Stephen and Rae Ann Gruver, whose 18-year-old son, Max Gruver, was a freshman at Louisiana State when he died in 2017, argue in their complaint that the university scrutinized hazing in its sororities while disregarding dangerous activities in fraternities. They contend the disparity is a violation of Title IX, the law prohibiting sex discrimination in federally funded institutions. If successful, the case would be the first of its kind to apply Title IX to how colleges discipline fraternities and sororities.
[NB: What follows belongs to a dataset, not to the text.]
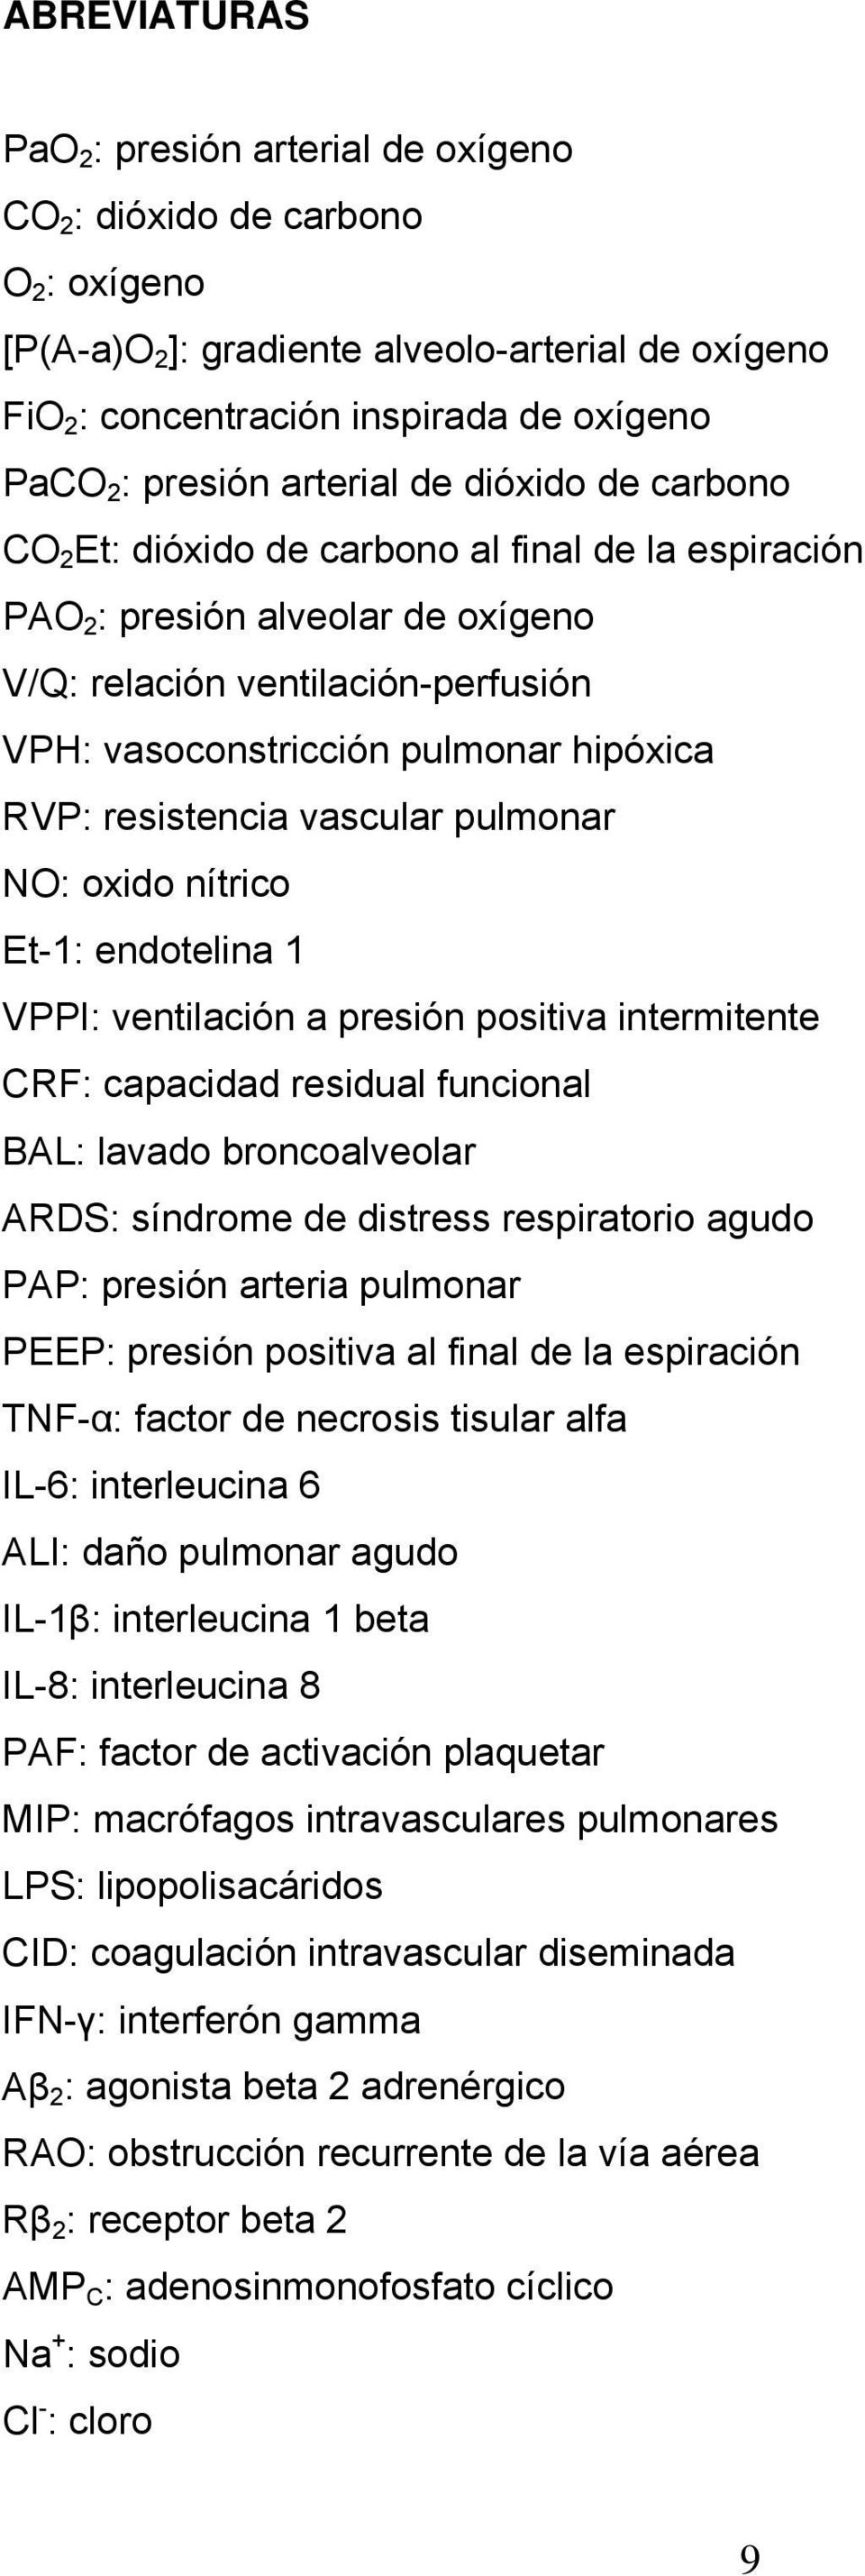 hipóxica RVP: resistencia vascular pulmonar NO: oxido nítrico Et-1: endotelina 1 VPPI: ventilación a presión positiva intermitente CRF: capacidad residual funcional BAL: lavado broncoalveolar ARDS:

A district court judge ruled in July 2019 that the Gruvers' case has merit.
The district court’s ruling was appealed by Louisiana State, which as a state institution claimed it had immunity from the Gruvers’ lawsuit under the 11th Amendment, which prohibits individuals from suing states in federal court, according to an opinion filed May 12 by a three-judge panel in the United States Court of Appeals for the Fifth Circuit. But the amendment has an exception for Title IX, and the panel determined that because the university receives partial federal funding, it is obligated to enforce Title IX on its campus. This is a condition the Fifth Circuit and nearly all other federal circuit courts have upheld at one point, the panel said.
“LSU is free to avoid Title IX obligations by declining federal funds,” Fifth Circuit judge Gregg Costa wrote for the panel.
The panel did not address the question of whether Louisiana State can be held liable for “deliberate indifference” for its alleged failure to address hazing in its fraternities. The university argued to the Fifth Circuit that Title IX does not prohibit hazing if such behavior did not include sexual harassment, according to The Advocate, a local publication. The case will now proceed in the U.S. District Court for the Middle District of Louisiana.